Gli atti summenzionati sembrano però a detto giudice estranei alla libertà di
espressione e non gli appaiono intesi a limitare quest’ultima. Oltre a ciò,
l’applicazione degli atti suddetti sarebbe subordinata all’esistenza di un
effettivo pericolo di discriminazione.

26. Di conseguenza, il giudice nazionale si chiede
se, per potersi constatare una situazione di accesso all’occupazione rientrante
nell’ambito di applicazione della direttiva 2000/78
e della normativa nazionale di trasposizione di quest’ultima, debba almeno
essere in corso una trattativa individuale di lavoro o un’offerta al pubblico
di lavoro e se, qualora non ricorra una tale ipotesi, delle semplici
dichiarazioni non presentanti quantomeno le caratteristiche di un’offerta di
lavoro al pubblico siano tutelate dalla libertà di espressione.

 

27. Alla luce di tali circostanze, la Corte suprema
di cassazione ha deciso di sospendere il procedimento e di sottoporre alla
Corte le seguenti questioni pregiudiziali:

«1) Se l’interpretazione dell’articolo 9 della direttiva
[2000/78] sia nel senso che un’associazione,
composta da avvocati specializzati nella tutela giudiziale di una categoria di
soggetti a differente orientamento sessuale, la quale nello statuto dichiari il
fine di promuovere la cultura e il rispetto dei diritti della categoria, si
ponga automaticamente come portatrice di un interesse collettivo e associazione
di tendenza non profit, legittimata ad agire in giudizio, anche con una domanda
risarcitoria, in presenza di fatti ritenuti discriminatori per detta categoria.

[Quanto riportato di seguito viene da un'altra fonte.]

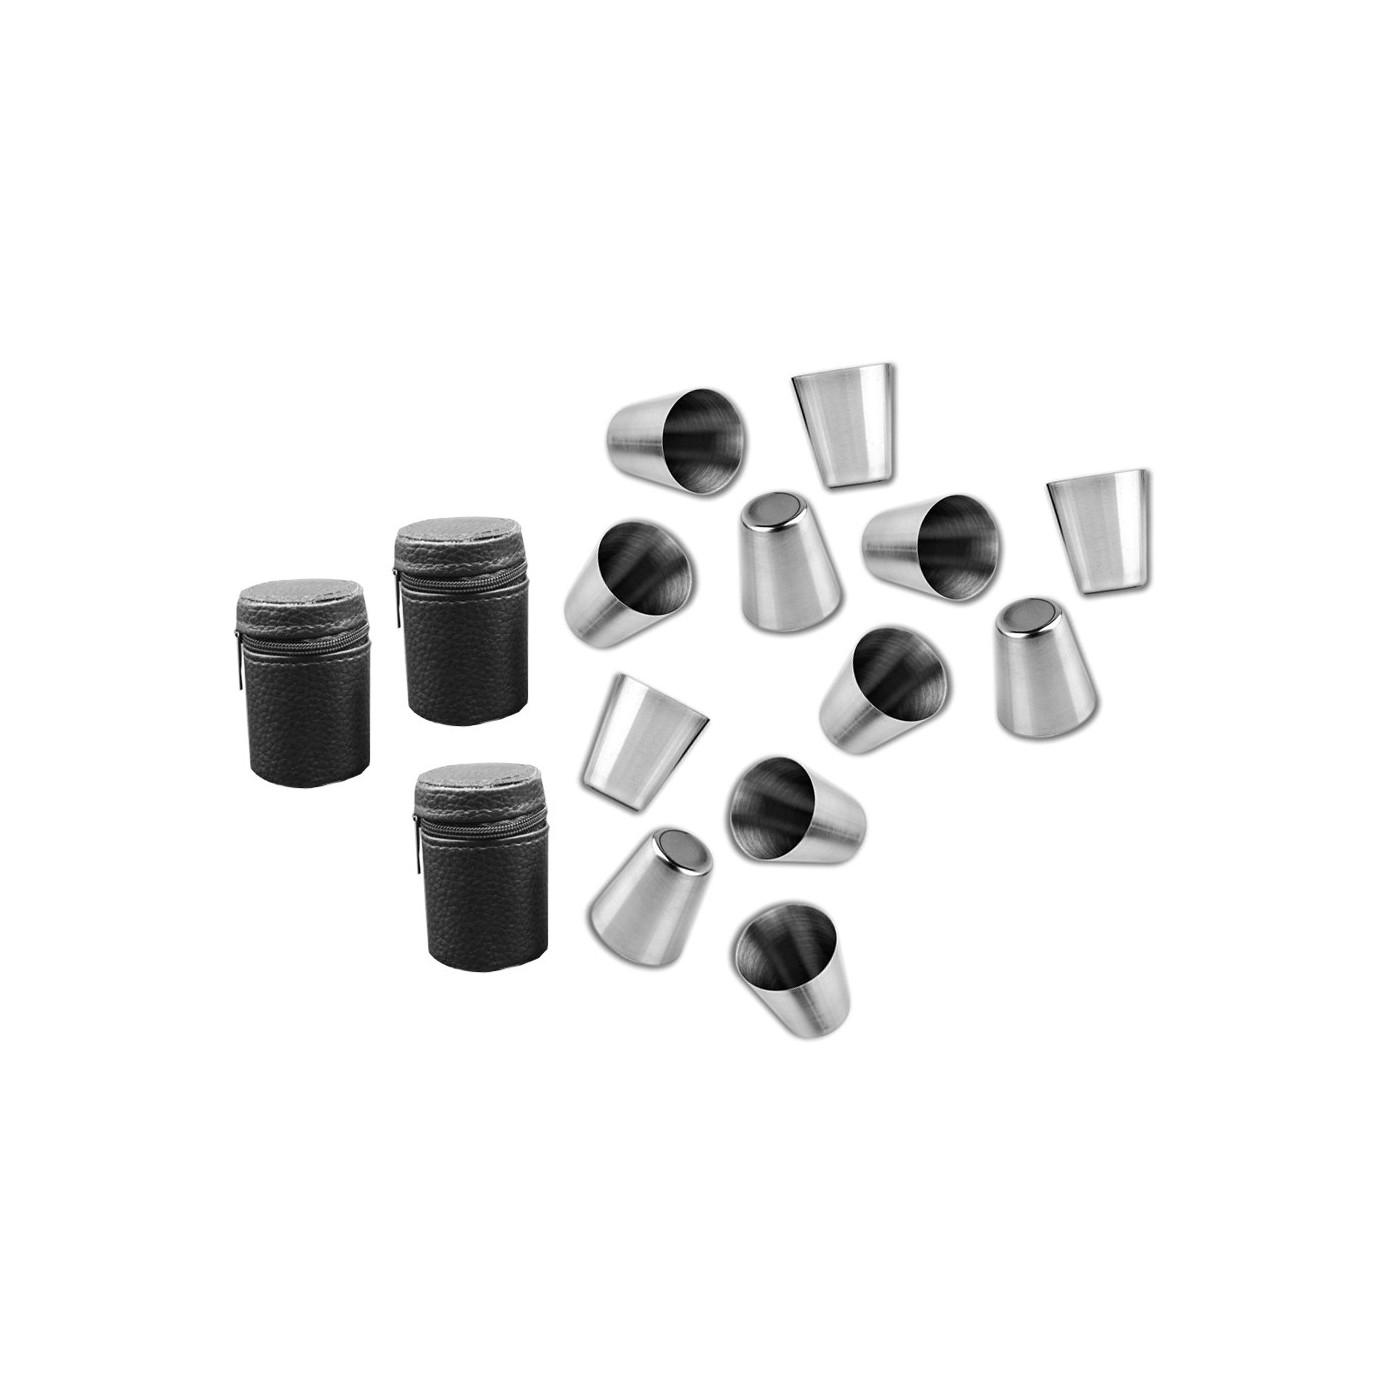 Zestaw 12 kubków ze stali nierdzewnej (30 ml) z 3 skórzanymi torebkami  - 1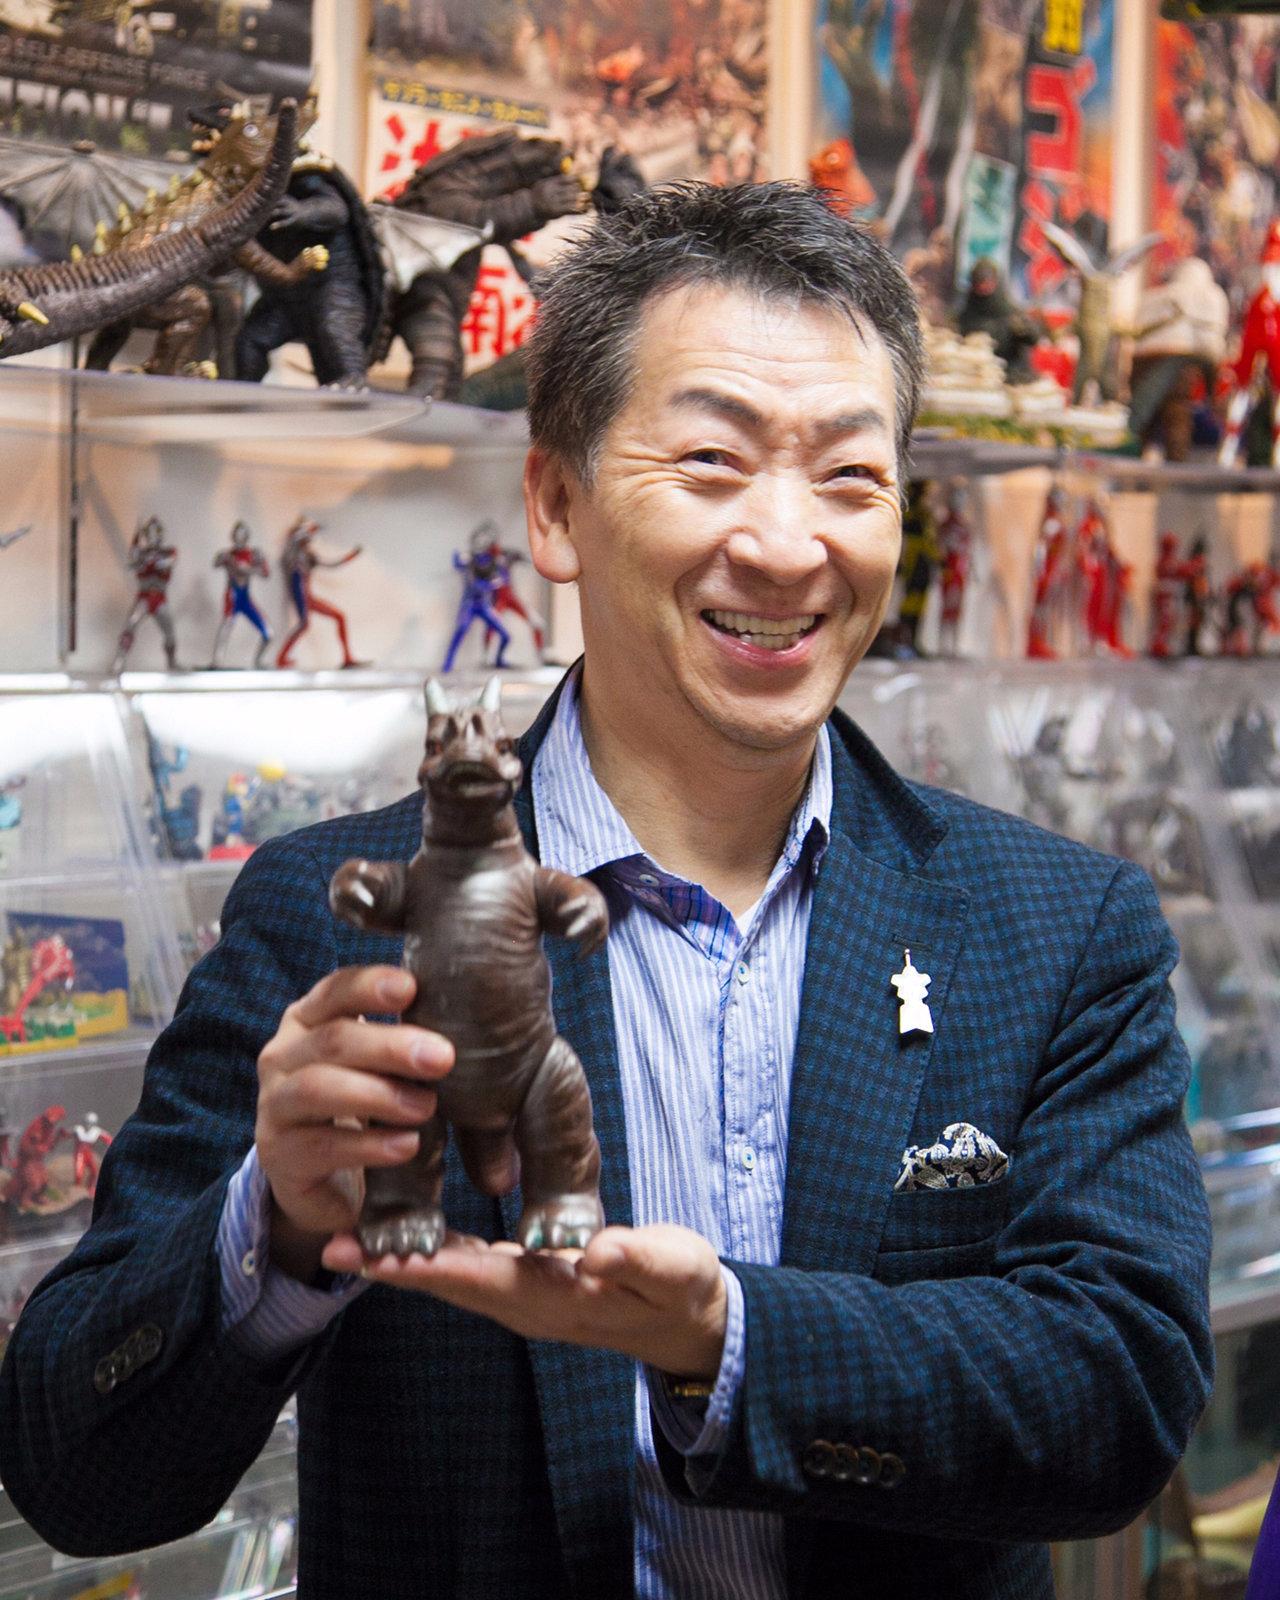 怪獣ミュージアム館長の原坂一郎さん。元怪獣博士というだけあり、豊富な怪獣の知識を教えてくれました。

2) Se rientri nell’ambito di applicazione della
tutela antidiscriminatoria predisposta dalla direttiva [2000/78], secondo l’esatta interpretazione dei
suoi articoli 2 e 3, una
dichiarazione di manifestazione del pensiero contraria alla categoria delle
persone omosessuali, con la quale, in un’intervista rilasciata nel corso di una
trasmissione radiofonica di intrattenimento, l’intervistato abbia dichiarato
che mai assumerebbe o vorrebbe avvalersi della collaborazione di dette persone
nel proprio studio professionale [di avvocati], sebbene non fosse affatto
attuale né programmata dal medesimo una selezione di lavoro».

 

Sulle questioni pregiudiziali

 

Sulla seconda questione

 

28. In via preliminare, occorre rilevare che, con la
sua seconda questione, da esaminarsi in primo luogo, il giudice del rinvio fa
riferimento tanto all’articolo
2 della direttiva 2000/78, relativo al concetto di discriminazione, quanto
all’articolo 3 della
medesima direttiva, riguardante l’ambito di applicazione di quest’ultima.
Tuttavia, risulta dalla domanda di pronuncia pregiudiziale che nel procedimento
principale viene in discussione non già il punto se le dichiarazioni rese da NH
rientrino nella nozione di «discriminazione», così come definita dalla prima
delle disposizioni sopra citate, bensì la questione se, tenuto conto delle
circostanze nelle quali tali dichiarazioni sono state effettuate, esse
rientrino nell’ambito di applicazione materiale di detta direttiva là dove
questa contempla, all’articolo
3, paragrafo 1, lettera a), le «condizioni di accesso all’occupazione e al
lavoro (…), compresi i criteri di selezione e le condizioni di assunzione».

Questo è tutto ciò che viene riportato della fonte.